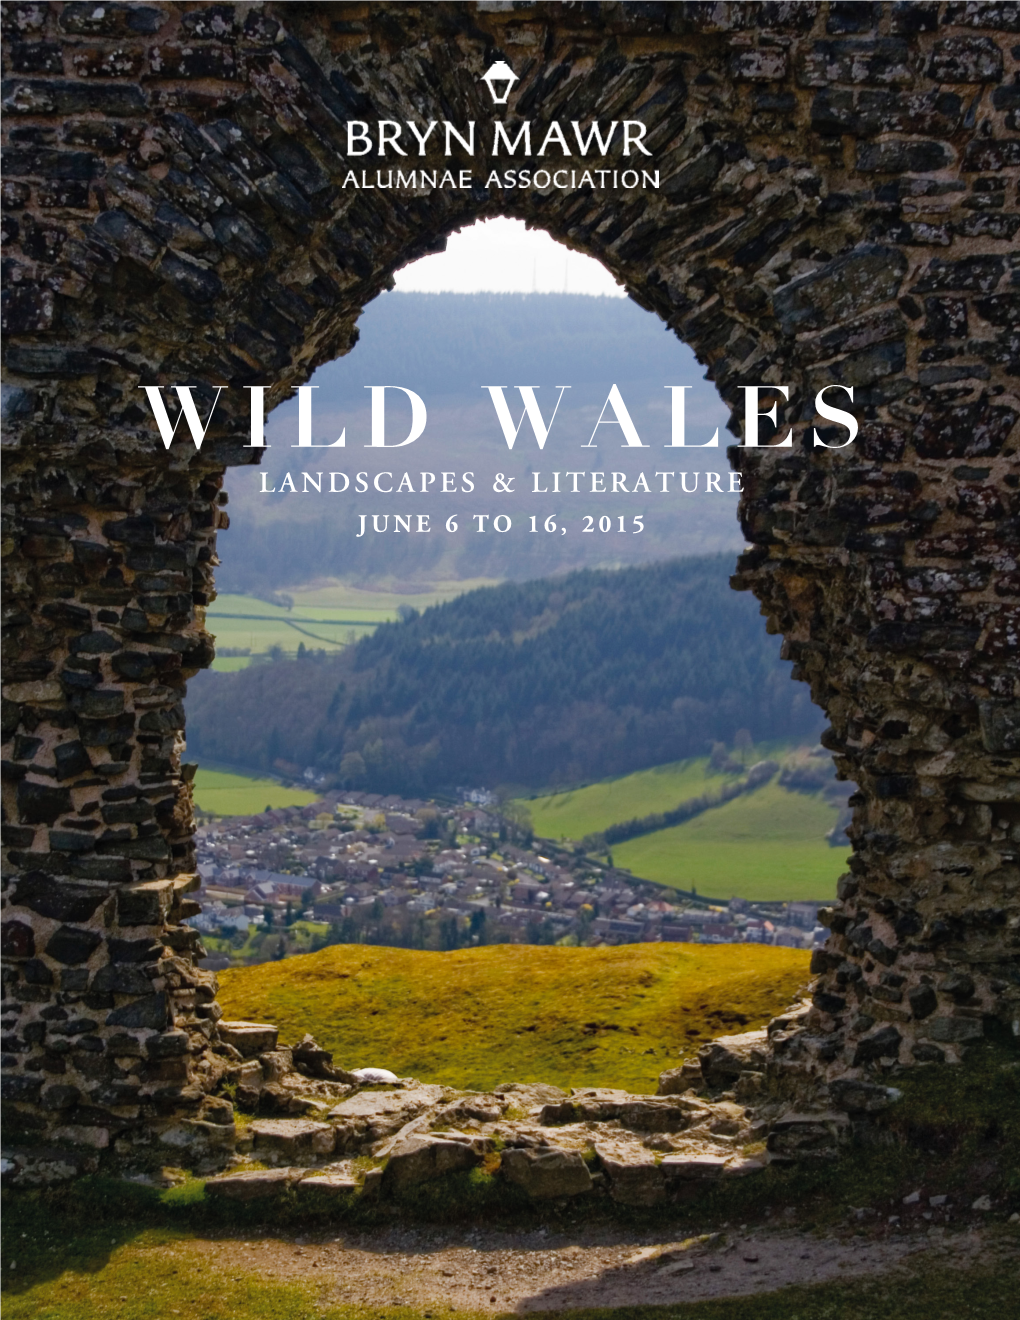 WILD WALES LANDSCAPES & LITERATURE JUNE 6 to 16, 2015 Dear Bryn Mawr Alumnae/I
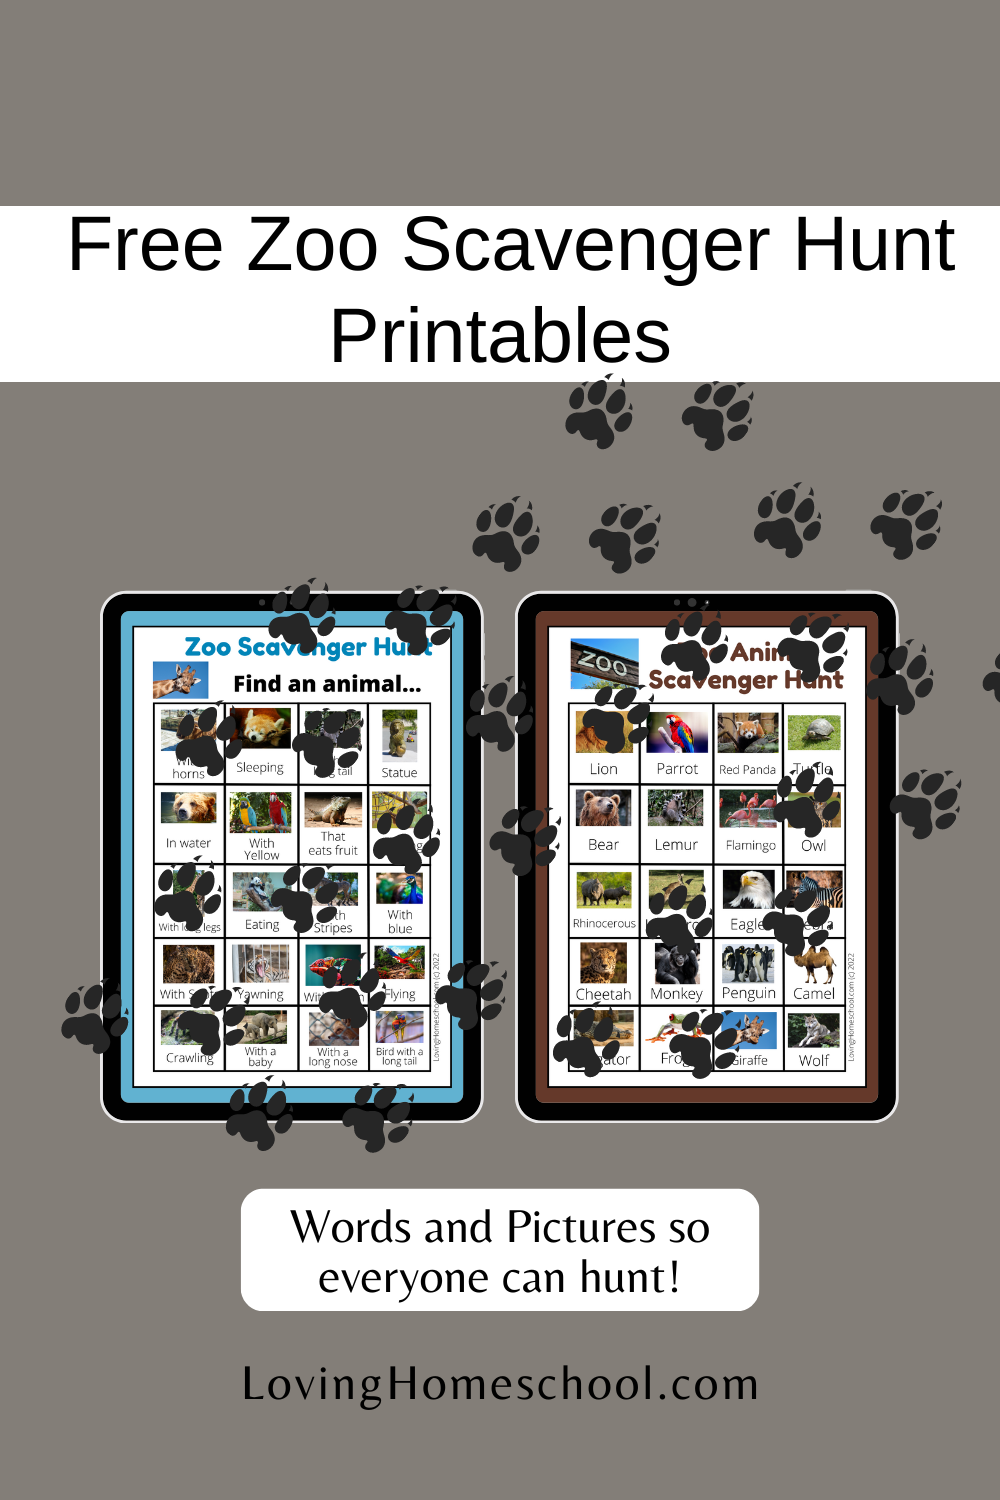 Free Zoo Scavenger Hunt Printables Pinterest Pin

══════════════════════════════

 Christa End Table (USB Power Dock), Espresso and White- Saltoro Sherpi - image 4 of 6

══════════════════════════════

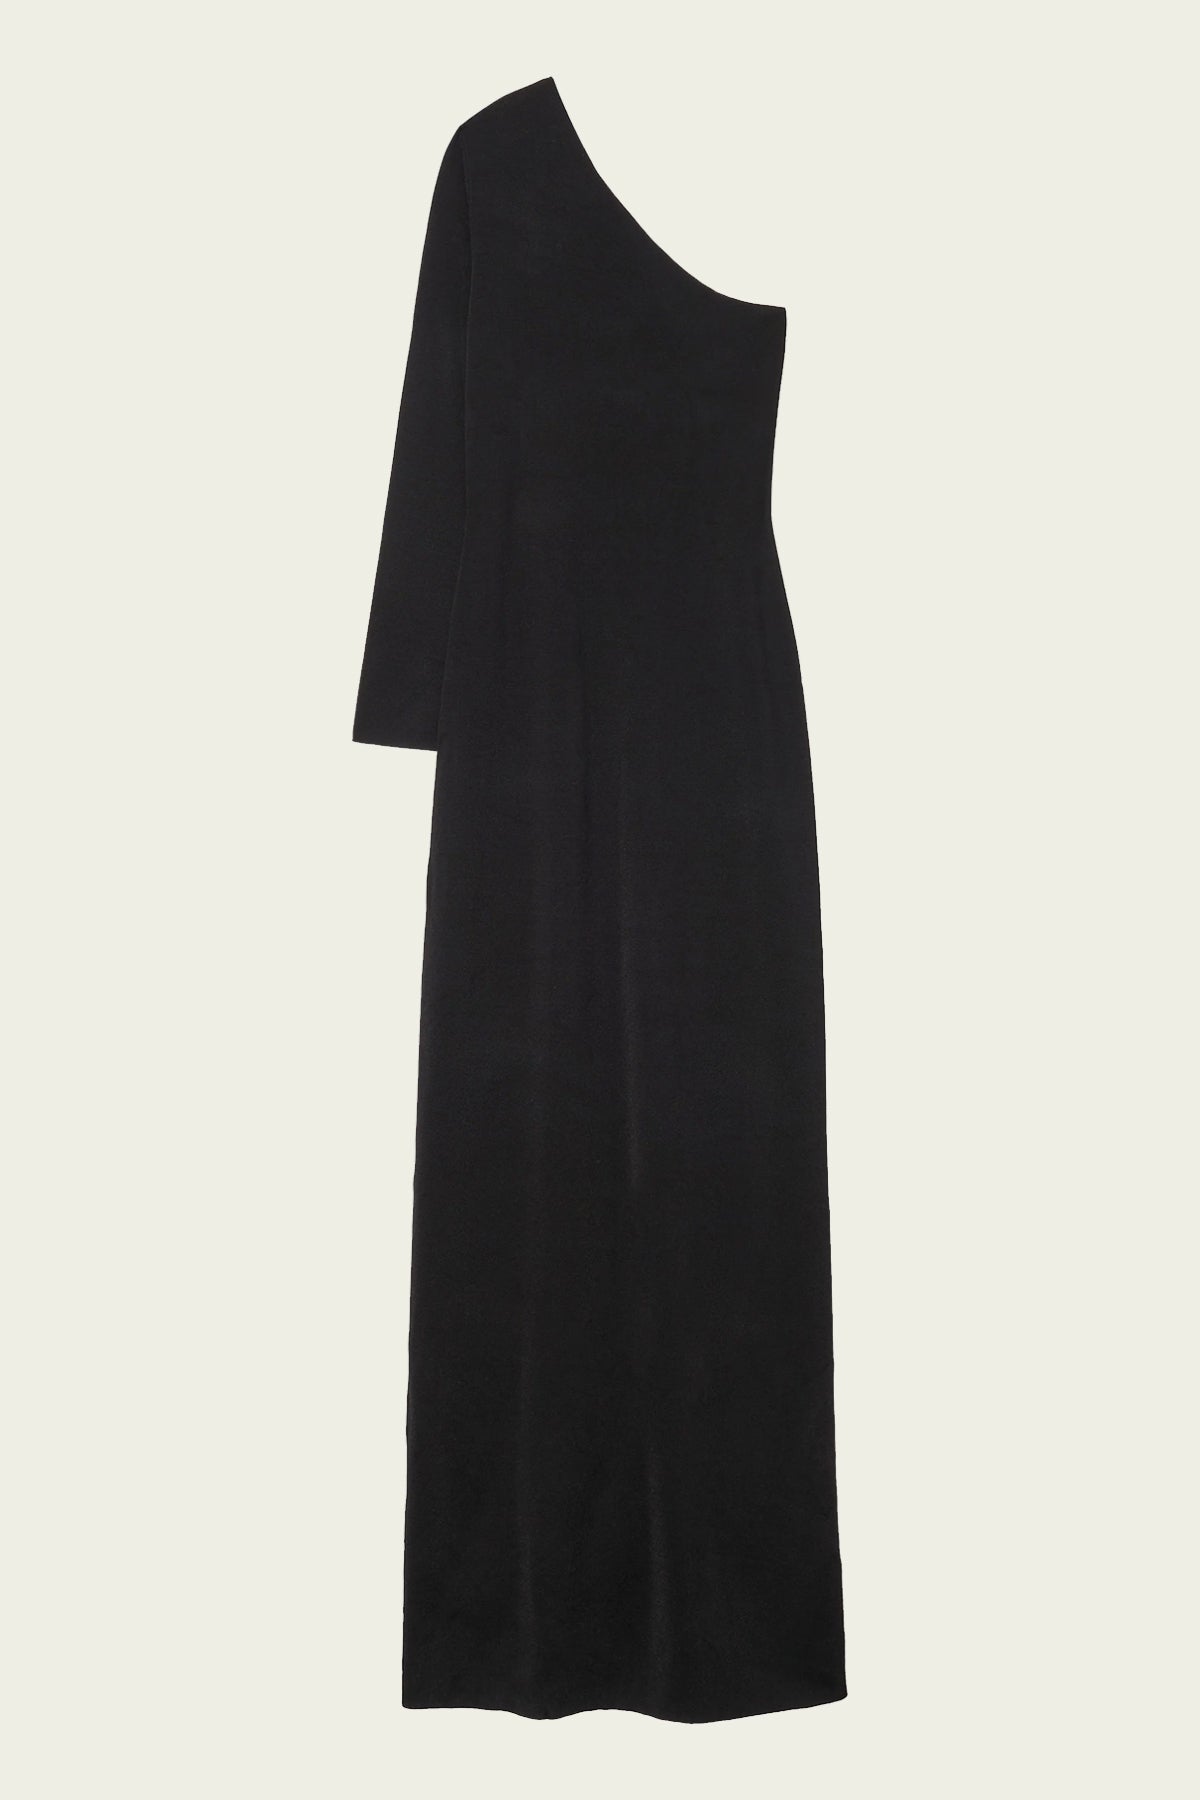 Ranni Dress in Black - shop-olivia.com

══════════════════════════════

> TASK OBJECTIVE
Your answer must be the lines above from the one holding "WILD WALES LANDSCAPES" up to and including the one holding "Free Zoo Scavenger", exact and with no pictures.

> TASK RESULT
 WILD WALES LANDSCAPES & LITERATURE JUNE 6 to 16, 2015 Dear Bryn Mawr Alumnae/I
 Free Zoo Scavenger Hunt Printables Pinterest Pin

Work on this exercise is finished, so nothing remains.